Through periodicals and portfolios he influenced dissemination of modernist aesthetics across Europe and the Americas, shaping curatorial practices at Salon d'Automne, Salon des Indépendants, Exposition Internationale des Arts et Techniques, Venice Biennale, Documenta, Whitney Biennial, and major retrospectives at institutions like Musée d'Art Moderne de la Ville de Paris. His emphasis on artist-selected plates, limited editions, and luxury printing impacted publishers such as Éditions Skira, Crown Publishers, Thames & Hudson, Harry N. Abrams, Éditions du Seuil, Folio Society, and Rizzoli. Collectors, dealers, and critics at Sotheby's, Christie's, Gagosian Gallery, Pace Gallery, Galerie Perrotin, White Cube, Broad Art Museum, and Hauser & Wirth recognized his books as artworks, influencing market valuations, provenance research, conservation standards, catalogues raisonnés, and scholarship in journals like Artforum, The Burlington Magazine, Apollo (magazine), Art in America, Die Kunstzeitschrift, and L'Œil.

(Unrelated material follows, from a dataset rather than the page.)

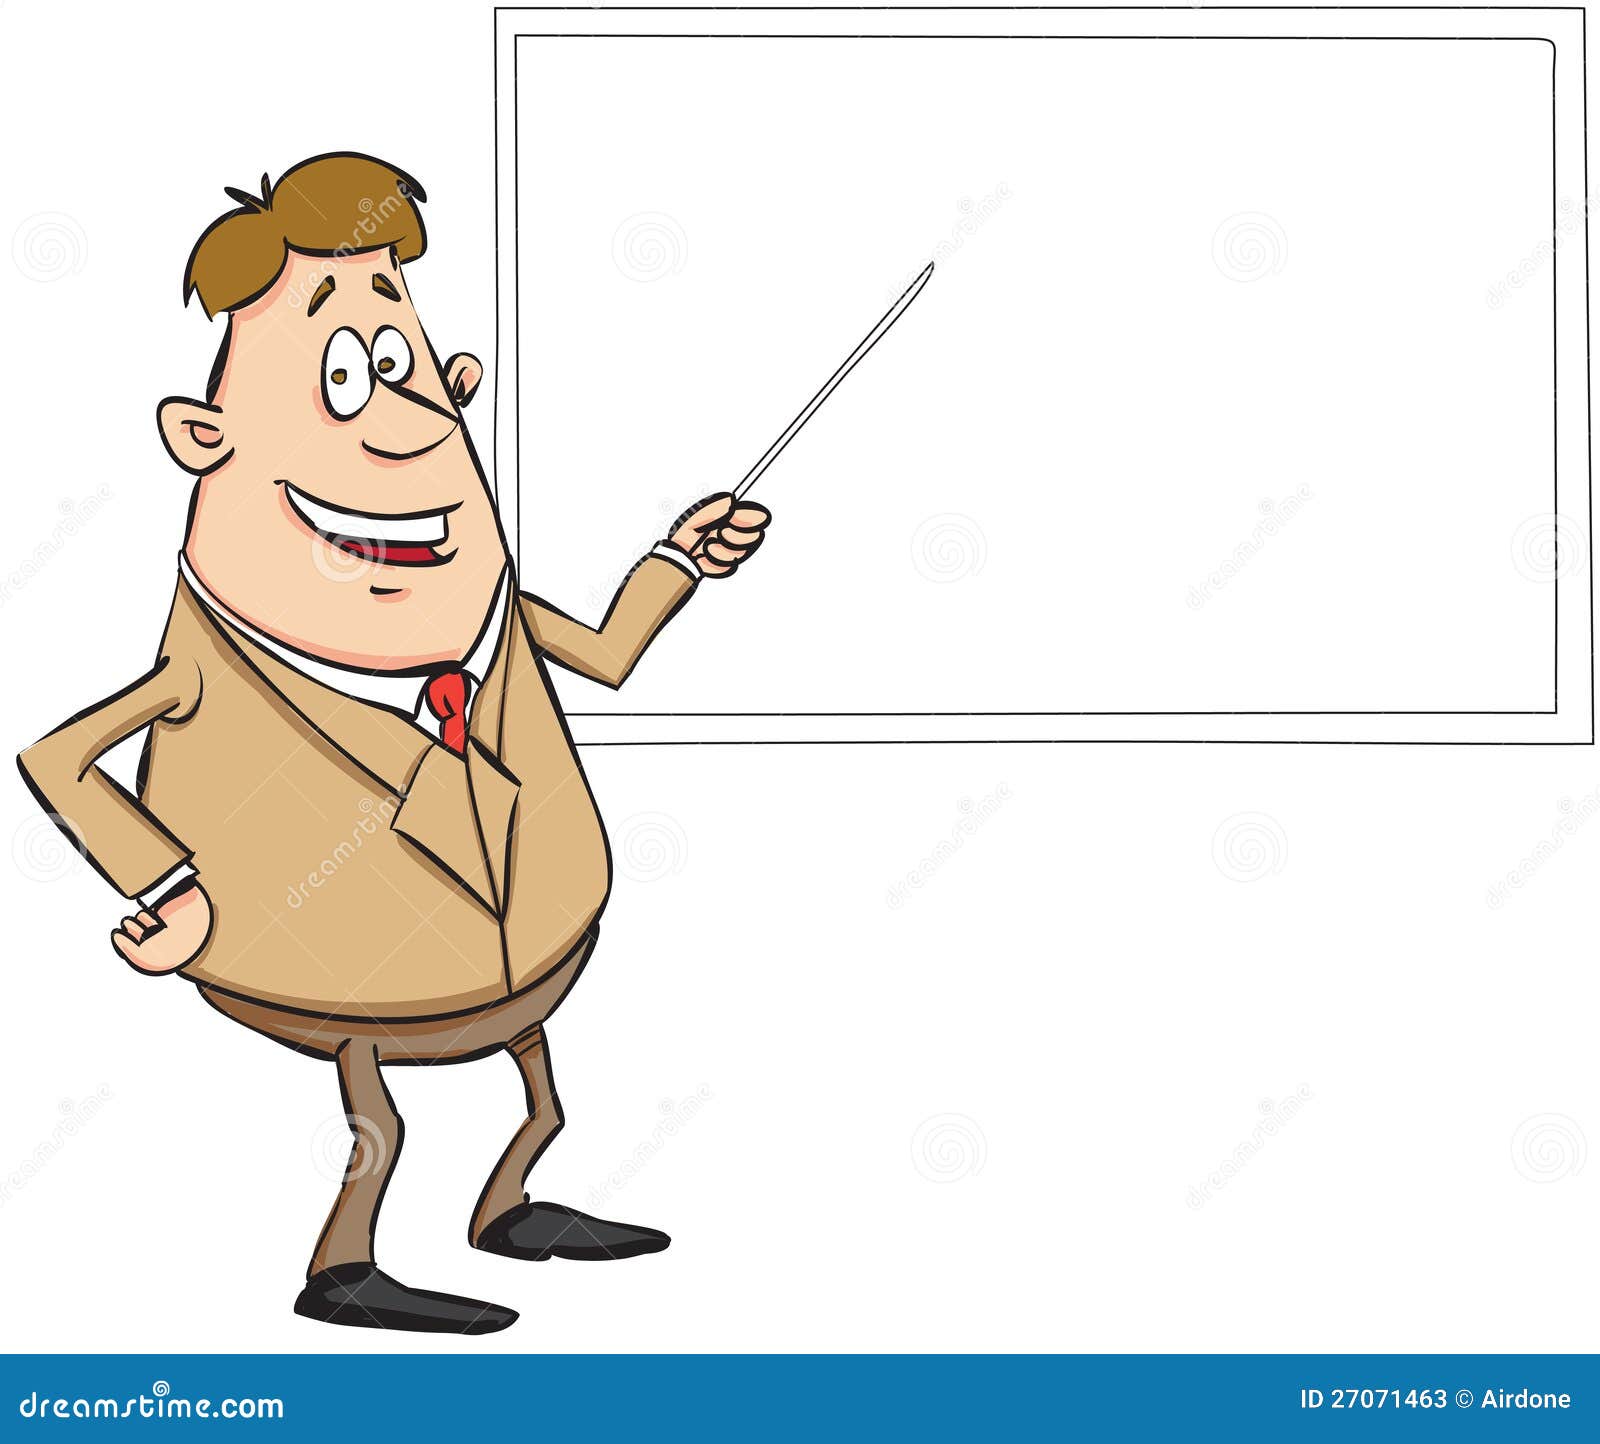 Teacher in cartoon style stock vector. Illustration of stick - 27071463

His private circle included publishers, conservators, and cultural patrons from Fondation Maeght, Fondation Beyeler, Fondation Cartier, Institut de France, Académie des Beaux-Arts, Bibliothèque nationale de France, Collège de France, and collectors like Jean Walter, Pablo Picasso (collector circles), Peggy Guggenheim, and Yves Saint Laurent. Posthumous exhibitions and archives related to his work have been shown at Musée Picasso, Musée Matisse, Bibliothèque Forney, Musée des Arts Décoratifs, Paris, Institut Giacometti, National Gallery of Art, and university special collections at Harvard University, Yale University, Princeton University, Columbia University, University of Oxford, University of Cambridge, Sorbonne University, and Université Paris Nanterre. His editions remain sought after in private collections, academic studies, auction catalogues, and institutional libraries, securing his position in histories of 20th-century art publishing and the revival of the livre d'artiste.